> **Work to be completed**
Starting at the line that contains "A pie chart", repeat each line of the listing below through the last one, exactly, and leave out every picture.

> **Dataset content**
•••

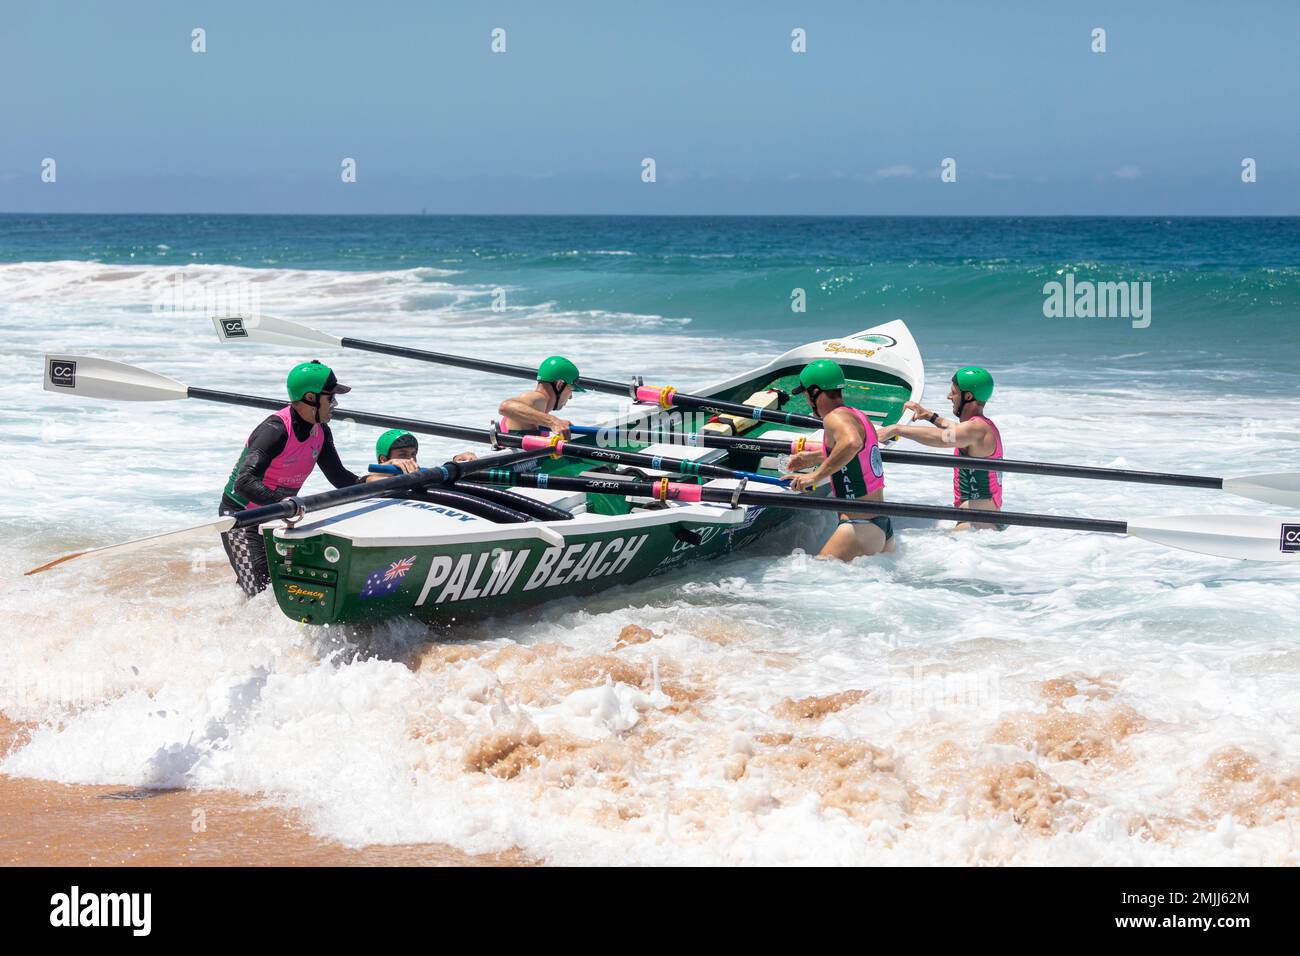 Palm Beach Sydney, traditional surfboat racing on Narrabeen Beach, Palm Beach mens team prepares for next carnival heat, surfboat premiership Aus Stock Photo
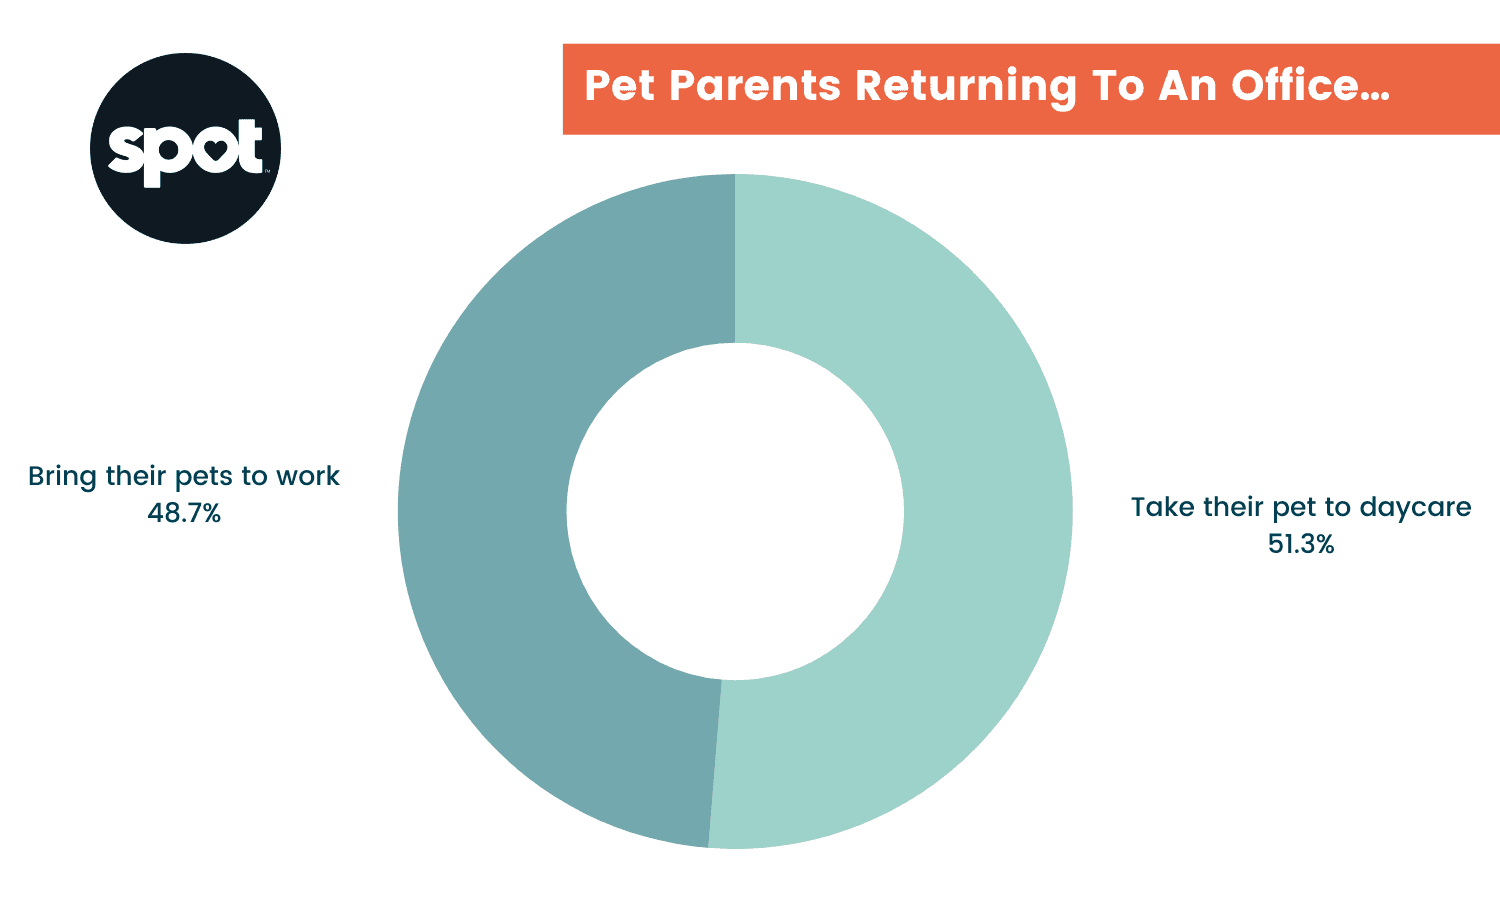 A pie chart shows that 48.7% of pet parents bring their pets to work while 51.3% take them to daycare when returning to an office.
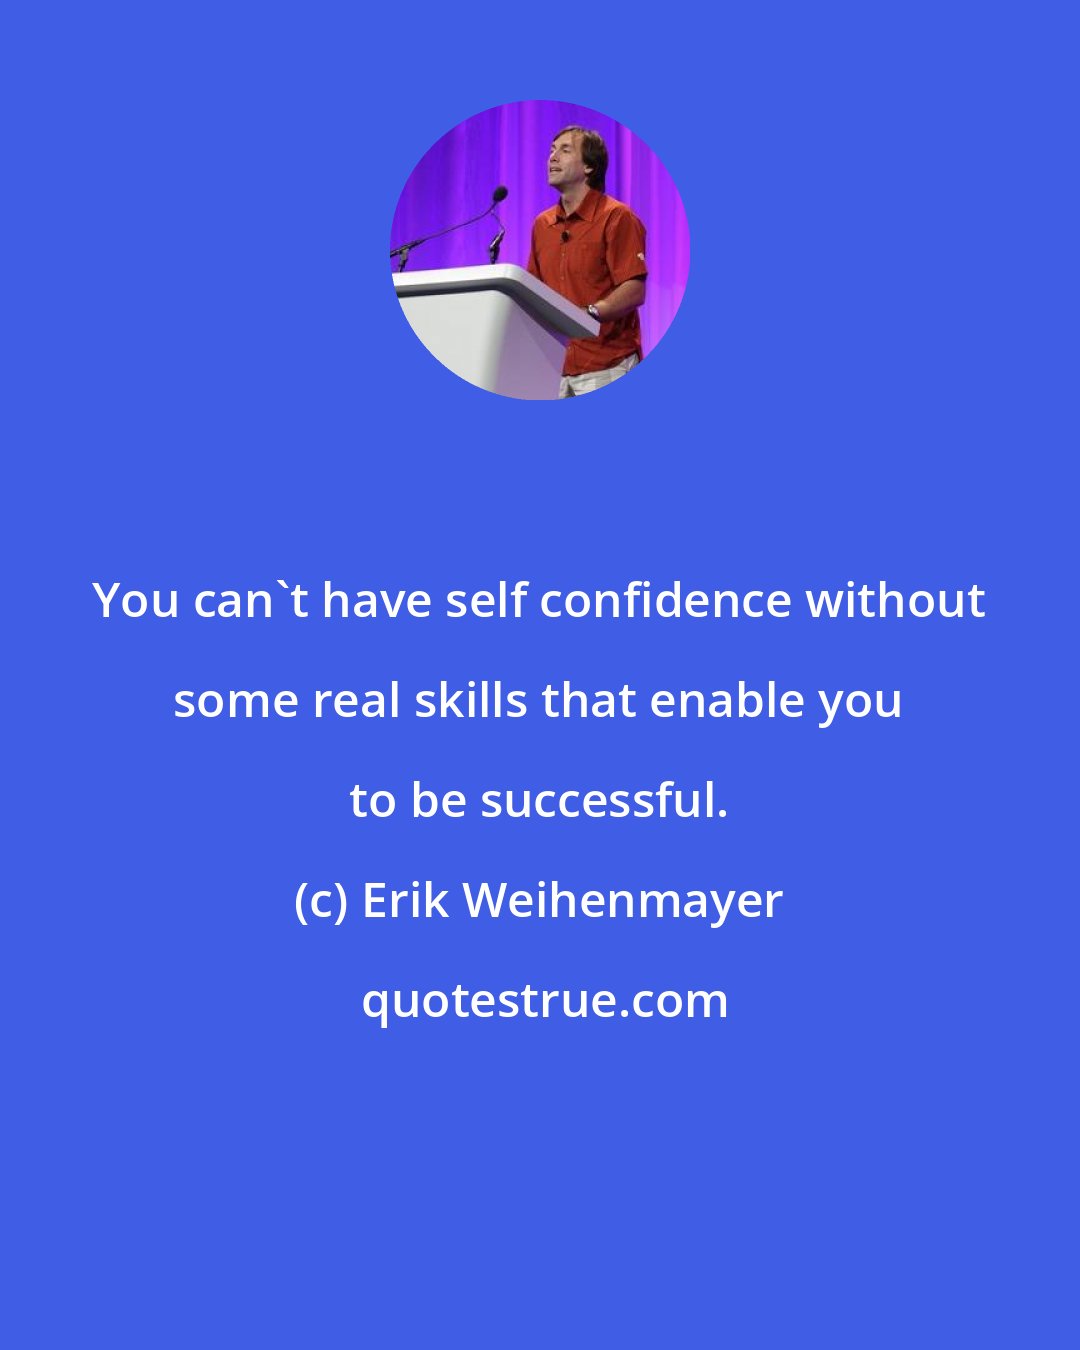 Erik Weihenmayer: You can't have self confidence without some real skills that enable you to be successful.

•••

> **Exercise result**
 A pie chart shows that 48.7% of pet parents bring their pets to work while 51.3% take them to daycare when returning to an office.
 Erik Weihenmayer: You can't have self confidence without some real skills that enable you to be successful.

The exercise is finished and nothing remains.